André Stagnaro

André Stagnaro, 1920

André Stagnaro

1900 - 1953

André Stagnaro est né le 21 Janvier 1900 à Vallauris, d’une vieille famille provençale ; on suppose que ce nom propre avec ce o final vient d’ancêtres italiens dont on a quelques traces. Il est l’ainé de trois garçons (André, Gabriel, Jean).

Condisciple de Jacques Audiberti au collège d’Antibes puis, orphelin dès l’âge de 8 ans de ses deux parents, il est d’abord recueilli par sa tante, sœur de sa mère, puis va connaitre la solitude de l’internat. Il est élevé, avec ses frères au Prytanée militaire de la Flèche, comme tous les orphelins d’officiers français ;

Il y fait des études classiques, commence à écrire ses premiers poèmes ; et bien que patriote convaincu, est rebelle à la vie militaire, contrairement à son frère cadet, qui deviendra le général Jean Stagnaro, mort en Algérie en 1956.

À 17 ans il s’engage pour la première guerre mondiale. Il ne connaitra pas les tranchées mais les combats ; démobilisé en 1920, après un séjour d’occupant en Allemagne, il revient à Paris, fréquente les milieux littéraires, se lie d’amitié avec Henri Mercadier de Madaillan, jeune poète également, qui deviendra journaliste et dirigera le groupe « Cadence » et la revue « Flammes vives ».

Lui ; sans famille et sans ressources, connait mille métiers pour subsister, fait du théâtre, où il rencontre Yvonne Brunet, à la voix d’or, qu’il épouse en 1922 tout en continuant à écrire. Yvonne Brunet, l’accompagnera tout le long des bons et des mauvais jours ; ils auront deux filles, Janine et Anne Marie.
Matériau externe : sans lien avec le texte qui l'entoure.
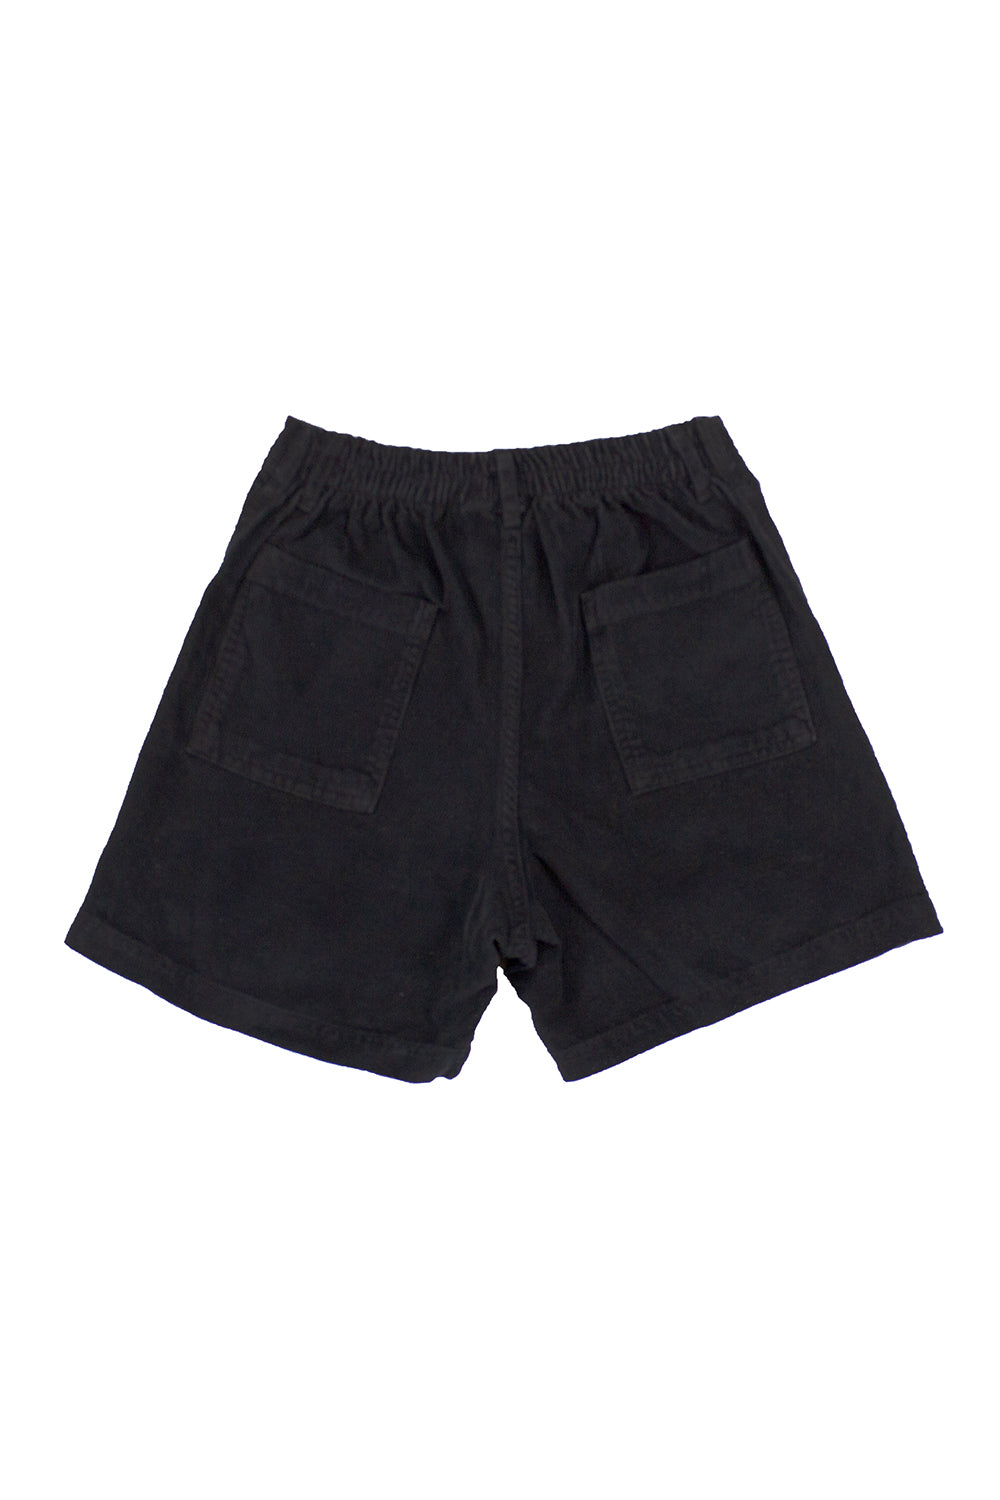 Cabuya Cord Short | Jungmaven Hemp Clothing & Accessories / model_desc: Back in Black

Remobilisé pour la seconde guerre mondiale, il est capitaine de chasseurs alpins et envoie à sa famille les nouvelles sous forme de poèmes.

En 1943 s’installe à Paris avec sa famille, travaille en secret avec la Résistance, et continue des métiers alimentaires dont la diversité lui fait connaitre à fond toutes les facettes de la nature humaine et les jeux de la vie sociale. Il continue à écrire, inlassablement, poèmes et pensées notées sur un cahier noir.

En 1951, il se décide à publier, choisissant parmi la production de toute une vie, 57 poèmes : le livre sera « Dédale », paru en 500 exemplaires chez Galliena, maison aujourd’hui disparue.

Il ne connaitra pas le destin de ce premier livre, ni les lauriers qu’il en aura reçus; il meurt brutalement le 2 Mai 1953.